Напряжение, вызванное полетом Грибанова, постепенно спало, на командном пункте снова стало шумновато, громче велись переговоры через ГТС, люди переходили от одного рабочего места к другому, о чем-то перешептывались, спрашивали друг друга, не спешили покинуть КП. Штурман и оперативный дежурный вернулись на свои АРМы и сидели рядом. Смольников и Прилепский — оба крепко сбитые, поджарые, с загоревшими лицами, словно братья, были похожи друг на друга, только Смольников был выше ростом. Он, как и Прилепский, до недавнего времени летал на самых новейших машинах, а потом врачи сказали «стоп» — зрение подвело. Совместные дежурства, похожие летные судьбы сдружили их, и они доверяли друг другу самые сокровенные мысли. Прилепский шепнул Смольникову на ухо:
— Уму непостижимо! Как это командующий успевает все охватить!

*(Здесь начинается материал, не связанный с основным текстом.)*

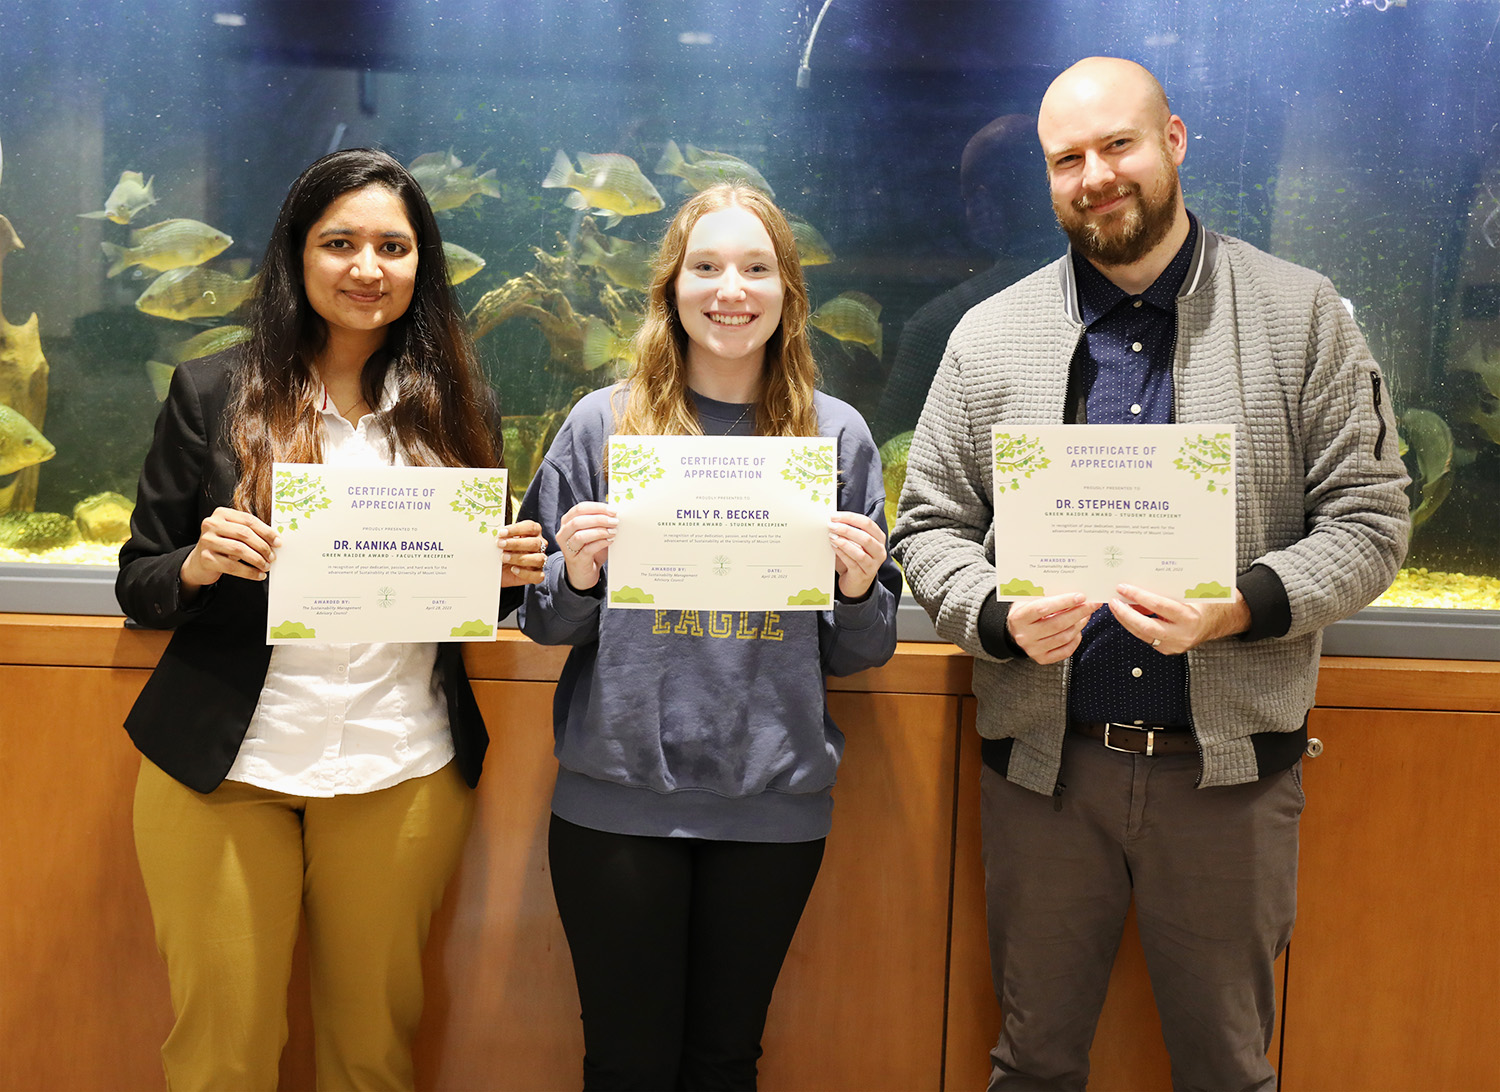 From left to right: Dr. Kanika Bansal , Emily C. Becker, and Dr. Stephen Craig stand smiling while holding their Green Raider Award Certificates in front of an aquarium in the Bracy Hall science building

— Теперь ему легче стало — ЭВМ помогает, — кивнул Смольников в сторону основного планшета.
— Цифры и есть цифры, — не унимался Прилепский. — Мне кажется, что иногда он обгоняет ЭВМ. И где он только этому научился?
— Наверное, от природы, — ответил Смольников. — Человек по-настоящему увлечен делом. Рассказывали, что в академии слушатели выпускного курса вечерами преферанс расписывали, а он, как первокурсник, в классе сидел, схемы в тетради вычерчивал.
Прилепский заметил, как Скорняков снова дал задание начальнику АСУ и поспешил поделиться с другом:
— Опять Анатолий Павлович что-то просчитывает. Нет, что, Юра, ни говори, а голова у него светлая.